Example 5 The procedure of Example 4 was repeated except that the composition of Example 4 was replaced by a composition comprising 65 mol% of difluoromethyl 2,2,3,3-tetrafluoropropyl ether and 35 mol% of ethanol. A similar test showed that the attached water could be almost completely removed.

[0025]

Since the composition of the present invention does not contain chlorine atoms, there is no fear of destruction of the ozone layer. Further, since the composition of the present invention contains a hydrogen atom, it has high reactivity with hydroxyl radicals in the atmosphere and is easily decomposed in the troposphere, so that the greenhouse effect is small.

[Brief description of the drawings]

FIG. 1 is a vapor-liquid equilibrium curve of a difluoromethyl 2,2,3,3-tetrafluoropropyl ether-ethanol system.

──────────────────────────────────────────────────の Continued on the front page (51) Int.Cl. ⁶ Identification code FI C11D 7/50 C11D 7/50 C23G 5/032 C23G 5/032 (73) Patent holder 000002200 Central Glass Co., Ltd.

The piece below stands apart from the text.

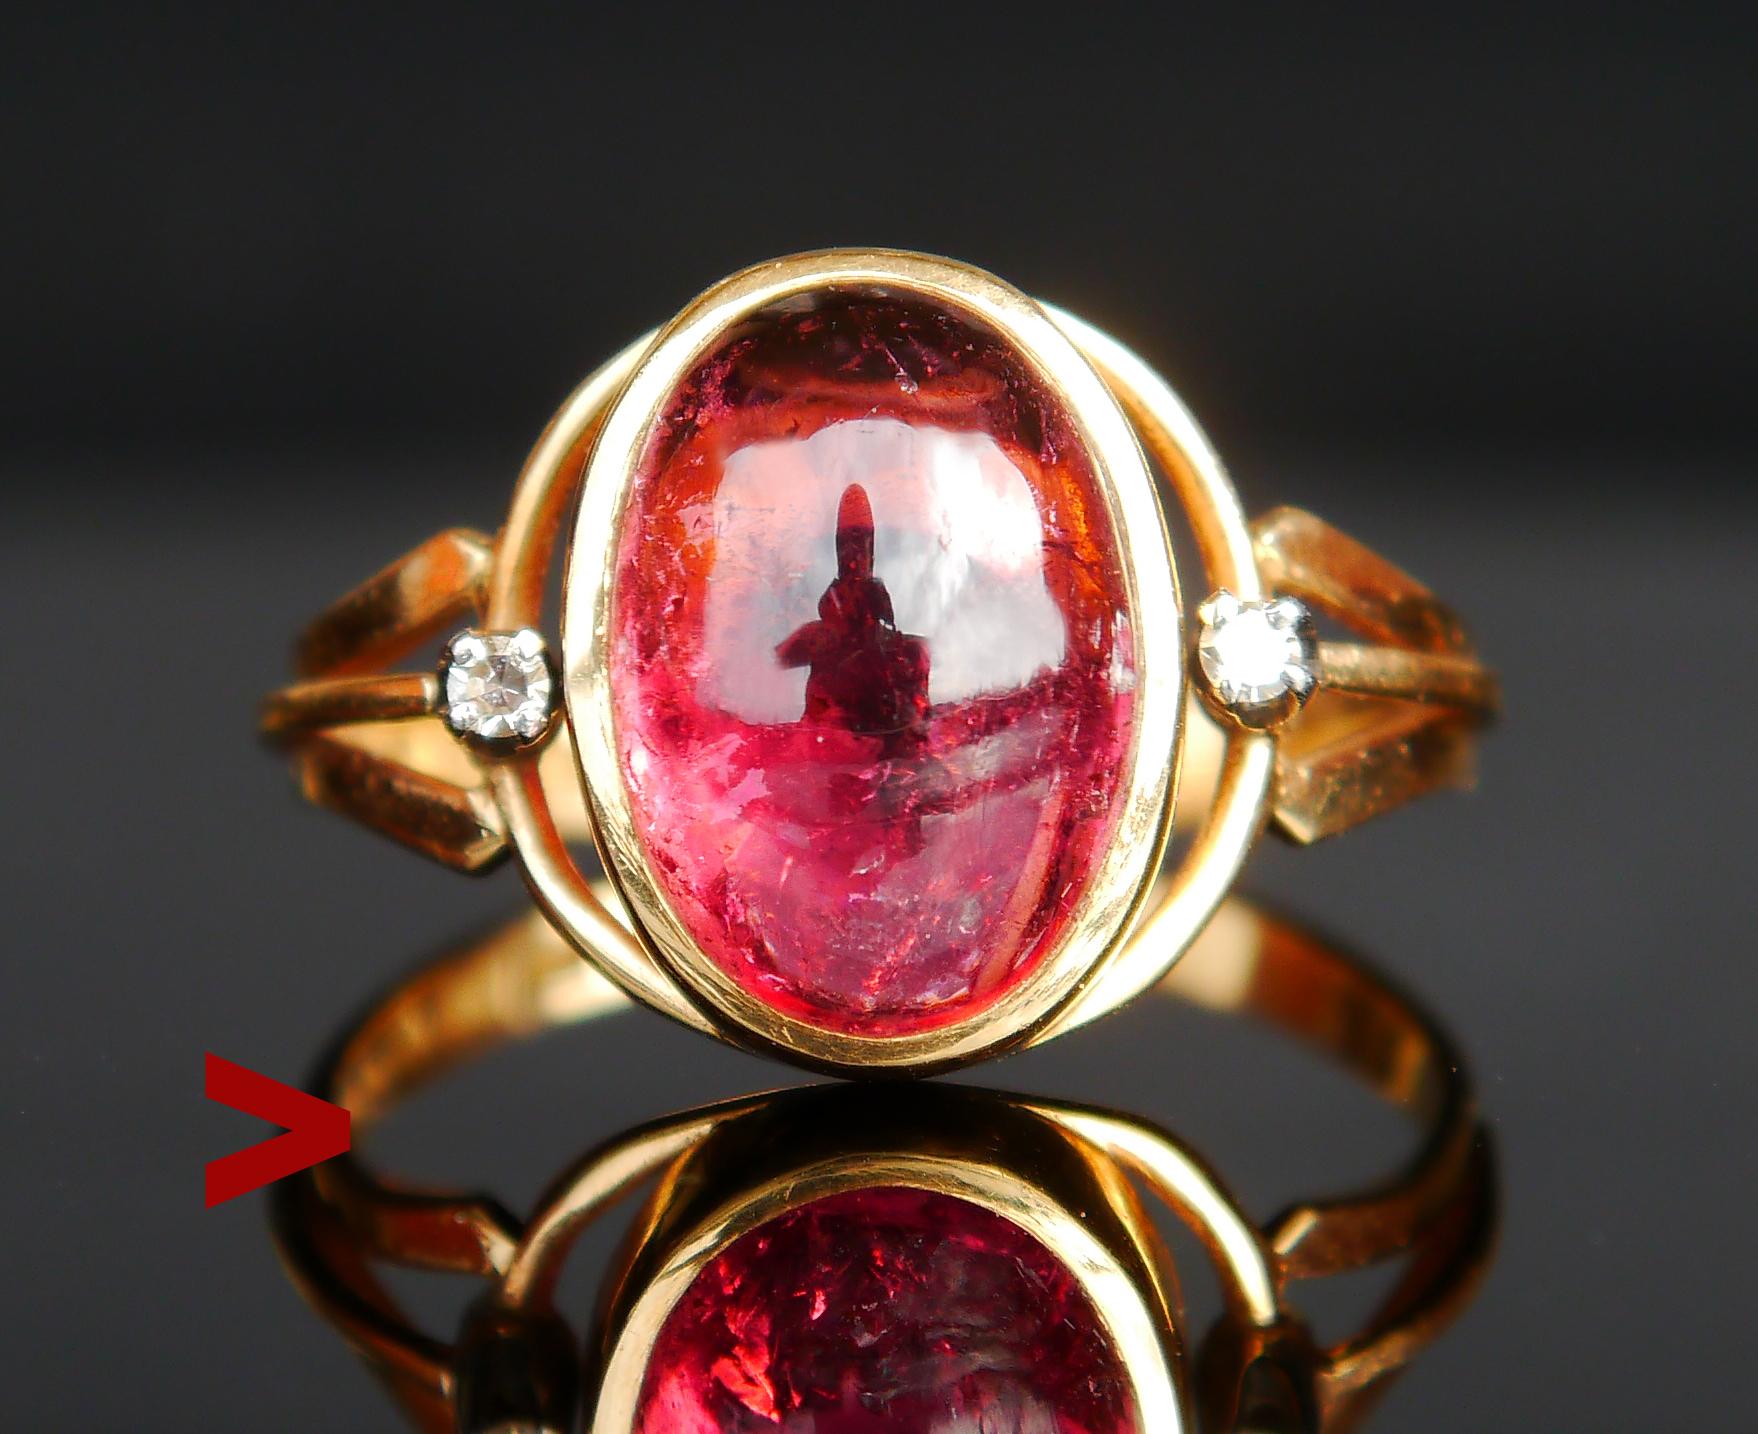 Fine vintage Ring in classic design. Band in solid 18K Gold. Bezel set natural transparent Rubellite / Red Tourmaline  cabochon cut 15 mm x 10 mm x 5.5 mm deep / ca. 7 ct, of vivid Pink color with highly reflective surface (never mind reflections on

Ube City, Yamaguchi Prefecture 5253 Okibe (73) Patent holder 000000044 Asahi Glass Co., Ltd. 2-1-2 Marunouchi, Chiyoda-ku, Tokyo (73) Patent holder 000174851 Mitsui Dupont Fluorochemical Co., Ltd. 1-5-18 Sarugakucho, Chiyoda-ku, Tokyo (73) Patent holder 000003300 Tosoh Corporation 4560 Kaisei-cho, Shinnanyo-shi, Yamaguchi (74) The above six agents Patent attorney Kazuo Shamoto (5 outside) (72) Inventor Akira Sekiya Higashi, Tsukuba, Ibaraki 1-Chome First Industrial Technology Research Institute of Materials Science and Technology (72) Inventor Shiro Yamashita Hongo Wakai 2-40-17 Hongo 2-chome, Bunkyo-ku, Tokyo 6th floor of building New Technology Refrigerant Project Office, Global Organization for Industrial Technology Research Institute (72) Inventor Haruaki Ito 2-40-17, Hongo, Bunkyo-ku, Tokyo Hongo Wakai Building 6th floor 6th Floor of Global Environmental Industry Research Institute New Generation Refrigerant Project Room (72) Inventor Yoshihiko Goto 2-40-17 Hongo, Bunkyo-ku, Tokyo Hongo Wakai Building 6F New Generation Refrigerant Project Room (72) Inventor Suga Atsushi 2-40-17 Hongo, Bunkyo-ku, Tokyo Hongo Wakai Building 6F Inside the New Generation Refrigerant Project Office, Research Organization of Environmental Technology, Japan (72) Inventor Yuji Mochizuki 2-40-17 Hongo, Bunkyo-ku, Tokyo Hongo Wakai Building 6F Hongo Wakai Building 6F Hongo Wakai Bldg. 6F, Hongo Wakai Bldg. Surgery New Generation refrigerant project chamber examiner Tomo Fujimori Ichiro (58) investigated the field (Int.Cl. ^6, DB name) C07C 43/12 B01D 12/00 C07C 31/08 C11D 7/26 C11D 7/28 C11D 7 / 50 C23G 5/032 CA (STN) CAOLD (STN) REGISTRY (STN)

Claims (4)

(57) [Claims] 1. An azeotropic composition comprising difluoromethyl 2,2,3,3-tetrafluoropropyl ether and ethanol. 2. The azeotropic composition according to claim 1, comprising 47 to 67 mol% of difluoromethyl 2,2,3,3-tetrafluoropropyl ether and 33 to 53 mol% of ethanol. 3. A cleaning solvent comprising the composition according to claim 1. 4. A solvent for draining and drying, comprising the composition of claim 1.